1. I have an 8-week-old. Her eating and sleeping habits are all over the map and everyone keeps telling me to “put her on a schedule.” What does that mean and how do I do it?
Many parents feel exhausted and puzzled by their newborn’s seemingly random sleeping, waking, eating, and pooping schedule. This unpredictability is normal. The first 3 to 4 months of a baby’s life are a transition period as they are learning to adapt to life outside the womb. Getting used to being awake during the day and sleeping at night takes time and help from you.
Babies usually don’t settle into a fairly consistent schedule until they’re about 4 to 6 months old. So the first few months of your child’s life is not the time to expect or to establish a rigid daily schedule.
What you can do is develop some routines around sleeping and eating. This will set the groundwork for establishing a schedule later on. For example, when you see that your baby is getting drowsy, you can sing her a lullaby and then put her down to sleep. Over a period of time, the lullaby will become your baby’s cue for sleeping.

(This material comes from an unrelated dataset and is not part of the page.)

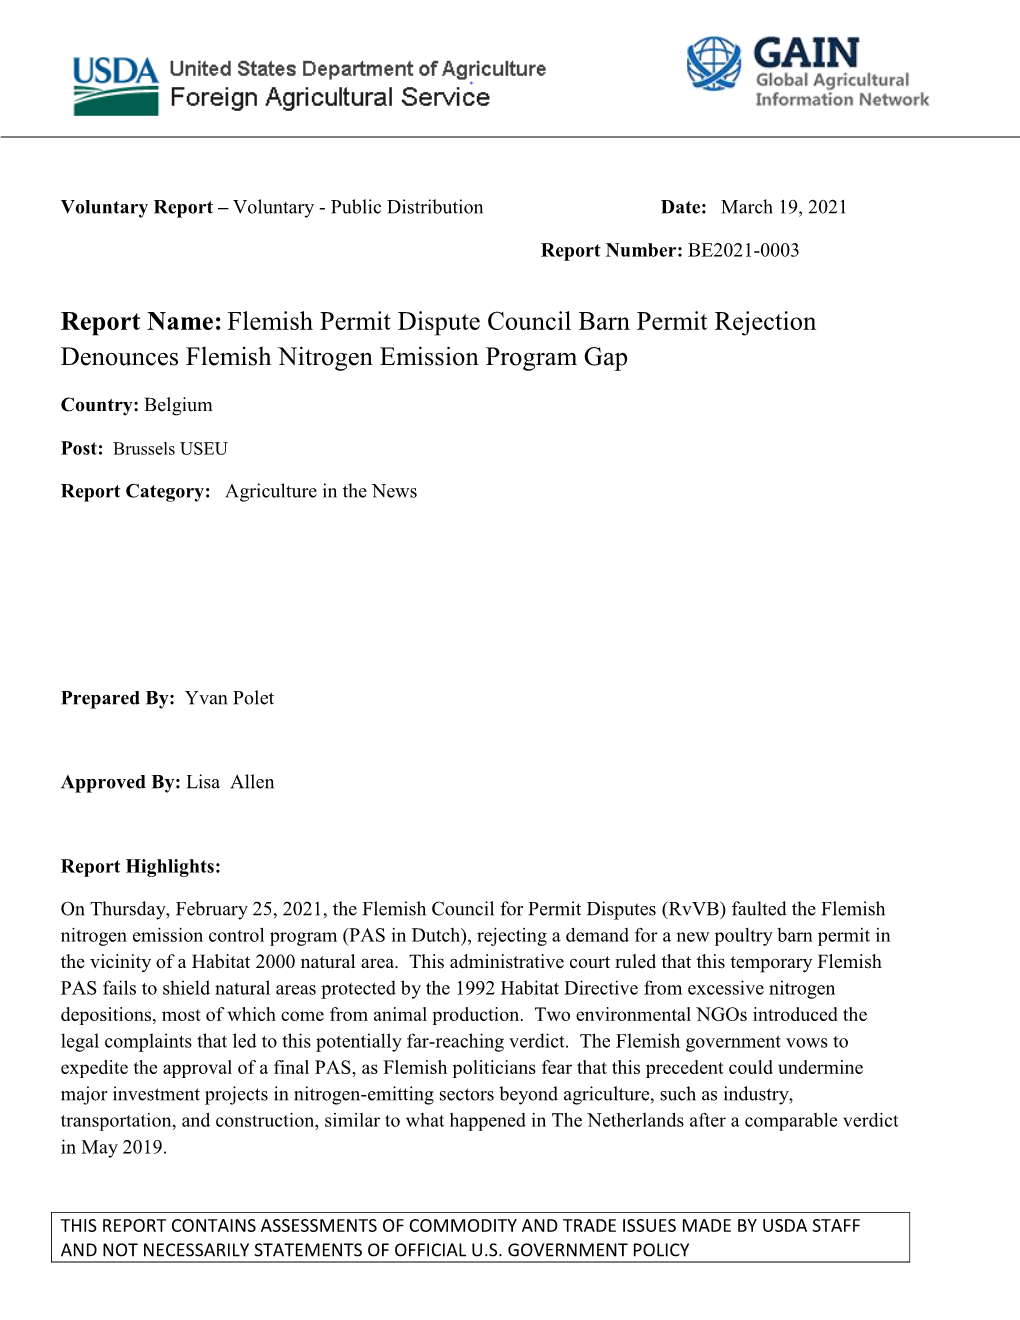 Report Name:Flemish Permit Dispute Council Barn Permit Rejection

You can also slowly work toward helping your child adapt to a more regular routine by looking for patterns in her behavior. One mother, who was trying to get her 10-week-old to take two or three longer naps a day instead of six or seven catnaps, noticed that her child got very sleepy during feedings. So she decided to slowly adjust the feeding times to happen when she wanted her baby to nap. She also started trying to keep her daughter awake a few minutes longer before each nap. This meant that her baby would be awake for longer periods during the day, take longer and fewer naps, and sleep for longer stretches during the night.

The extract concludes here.